Cait, you know you can buy kettle corn in the store?  It's probably not as good as stuff at the fairs though but still!


----------



## anneq (Jul 26, 2009)

Mmm I love kettle-korn, but I also like to make mine over the stove (white kernel)..no butter (yuck) and a good dose of salt. Can't stand the microwave stuff, but hubby and the kids will eat it.


----------



## LionsRawr (Jul 26, 2009)

I like it with butter and sugar on it................So bad for me but sooooooooooooooo good :biggrin2:


----------



## whaleyk98 (Jul 26, 2009)

Popcorn? Yuck.


----------



## SunnyCait (Jul 26, 2009)

You CAN?! WHAT?!

Now I have to go to the store so I can check this out. LOL. That would save me a lot of tears.


----------



## BethM (Jul 26, 2009)

I LOVE POPCORN!!!

But I mostly stopped eating it a year or two ago. I gave up the microwave stuff when that thing came out about the butter-flavored chemical that gave people "popcorn lung." I think most brands changed their flavoring.
In my apartment, the kitchen was right next to the living room, and making popcorn on the stove scared Amelia so much, I didn't do it very often. Now, the kitchen is down the hall from the living room, and I could close the door to the bunny room, but I'm just too lazy to make it.
Which is REALLY sad, because popping popcorn on the stove is SO easy. I remember making popcorn by myself on the stove when I was in grade school. 

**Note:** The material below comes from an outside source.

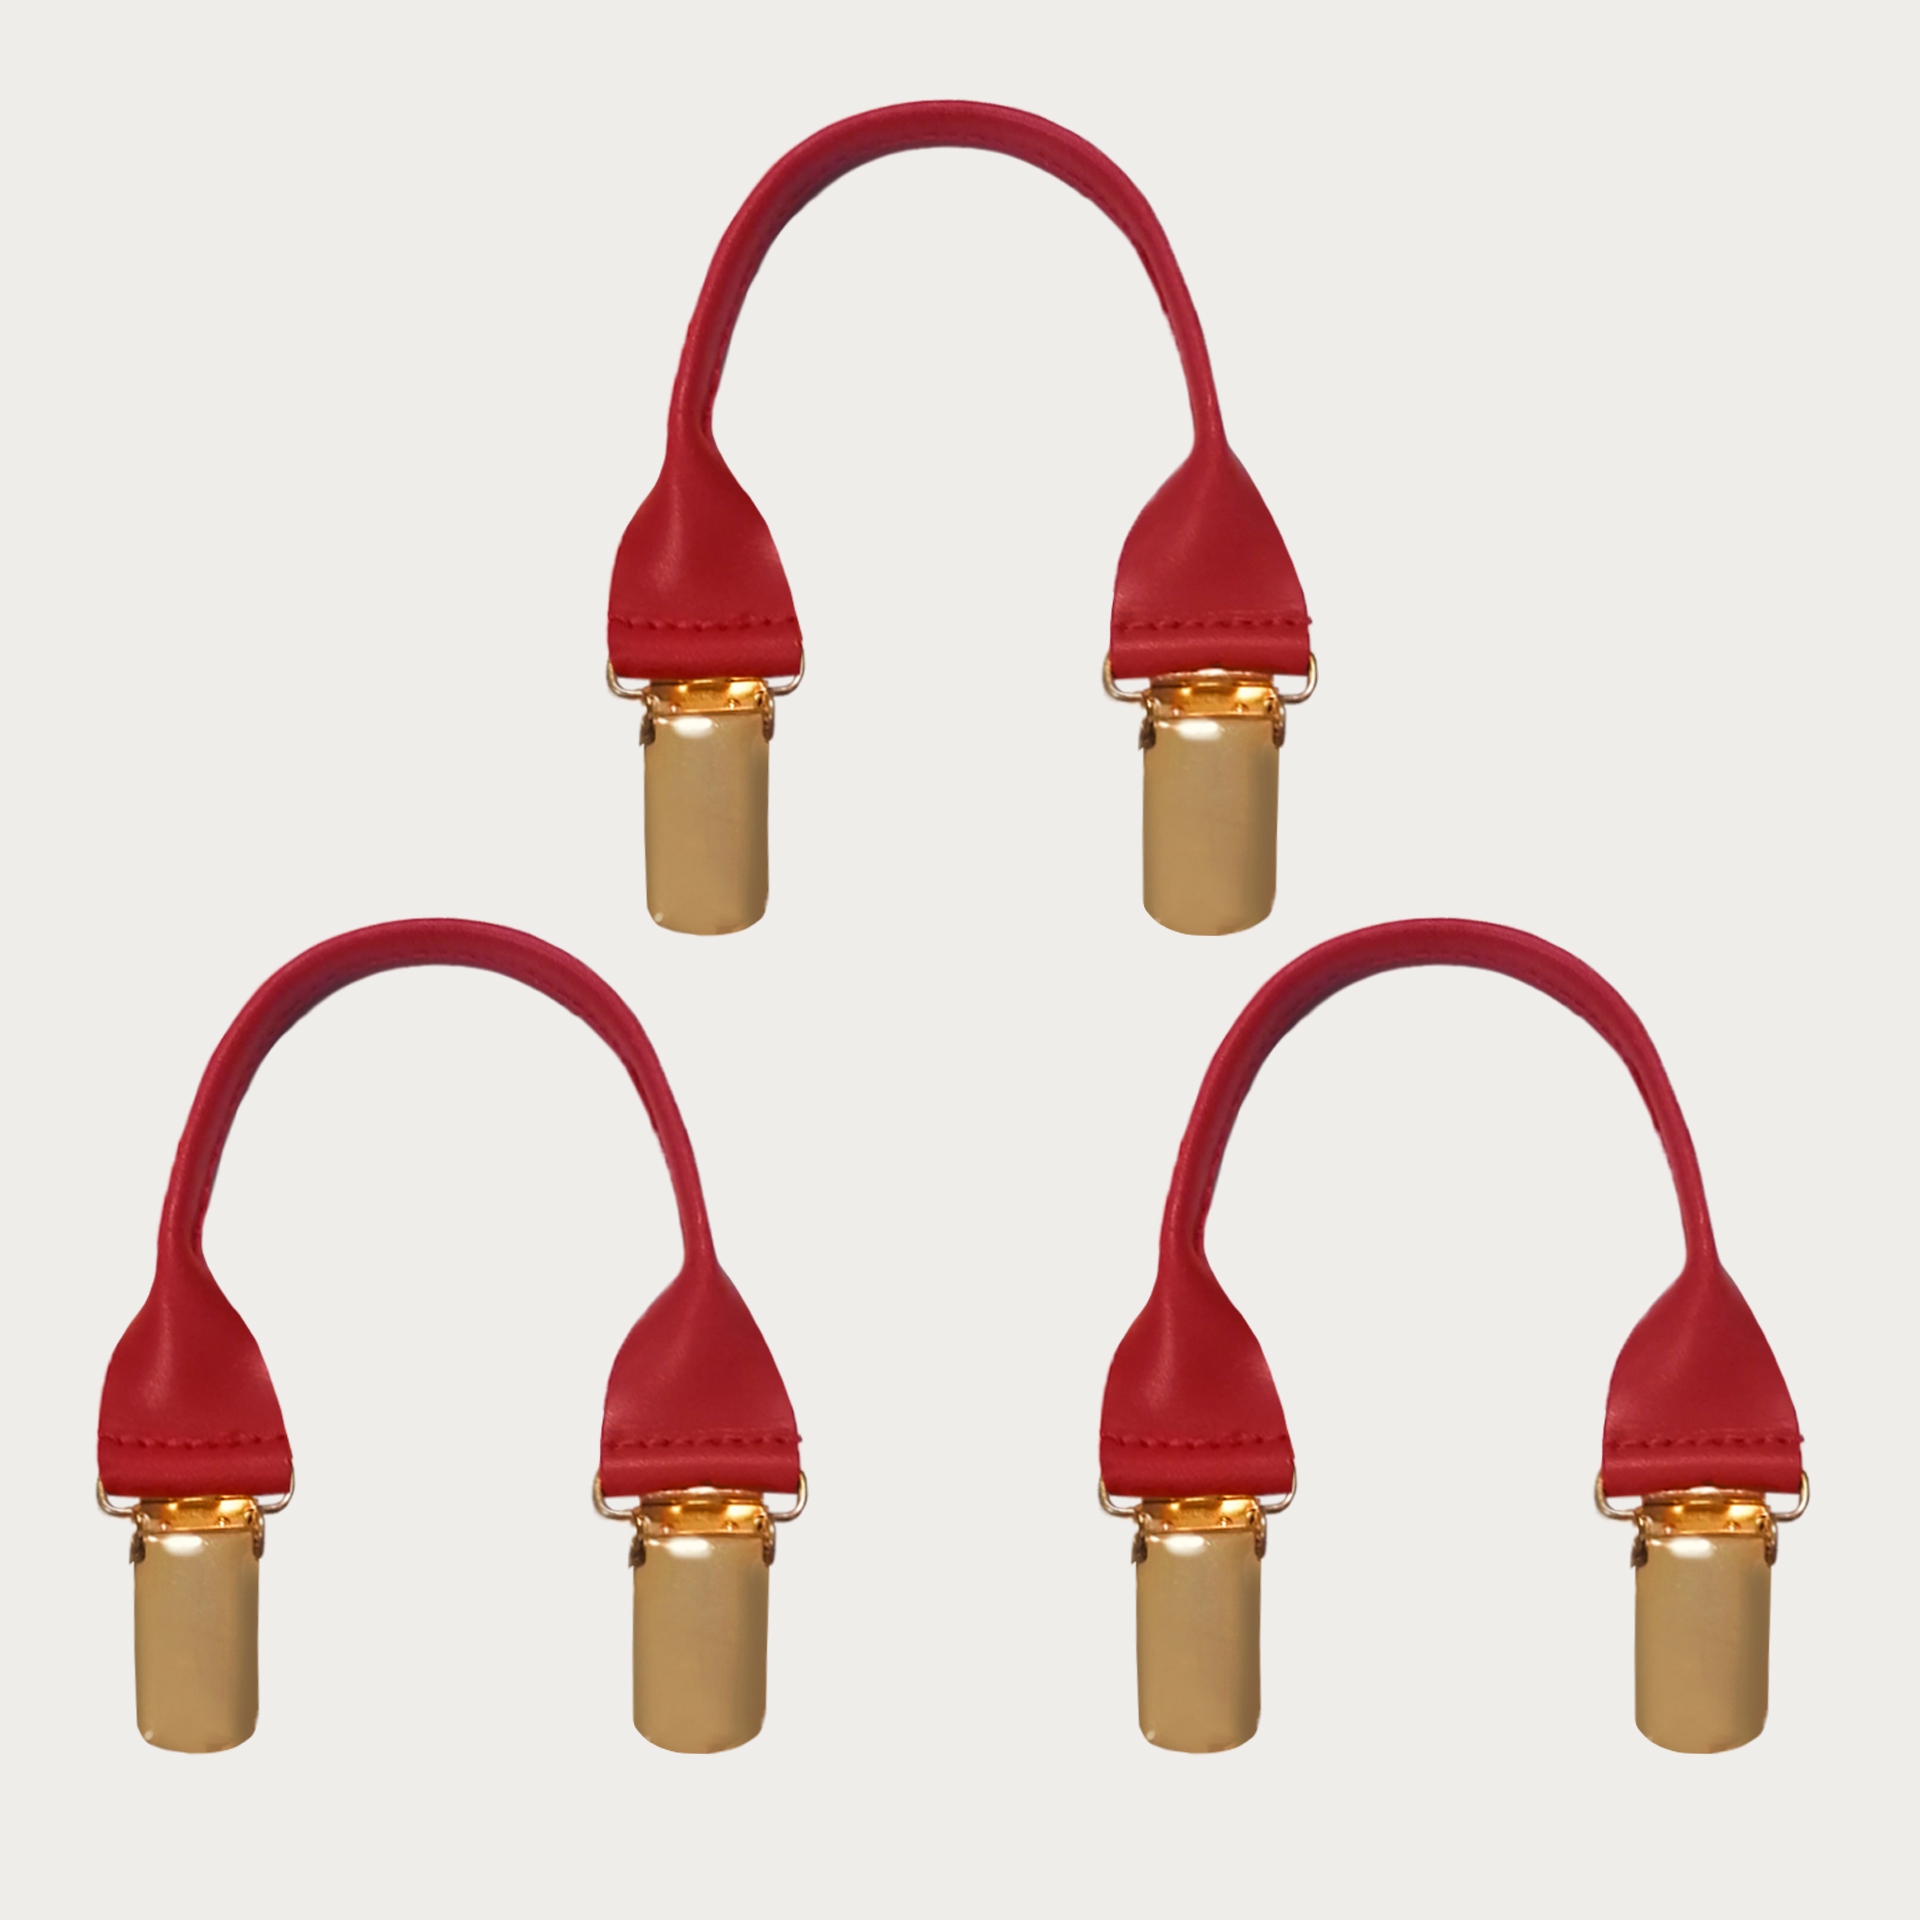 BRUCLE Leather connectors with golden clips, 3 pcs., red

One of these days, I will just make some. I have heard that it's really good popped in bacon grease. Or with cut garlic in the hot oil. YUM!


----------



## nermal71 (Jul 27, 2009)

Ok here's one a friend used to make. I can only eat it in small doses though as it is sweet. Make your popcorn on the stove...put it in a brown paper bag and sprinkle with several tablespoons of ovaltine....shake it really well and eat it. I know it sounds odd but it is really very good.


----------



## wabbitmom12 (Jul 27, 2009)

I happen to live in the county that produces the most popcorn, per acre, in the world. We take our popcorn SERIOUSLY! A long standing family tradition is to have it for supper on Sunday night. Maybe cut up a few apples to eat, too, and a piece of chocolate or fudge. MMMMM!

Here's my fave: Baby Black Jewel popcorn, airpopped, with real butter and salt. TDF!!


----------



## Dwarf_Angel04 (Jul 27, 2009)

*wabbitmom12 wrote: *


> A long standing family tradition is to have it for supper on Sunday night. Maybe cut up a few apples to eat, too, and a piece of chocolate or fudge. MMMMM!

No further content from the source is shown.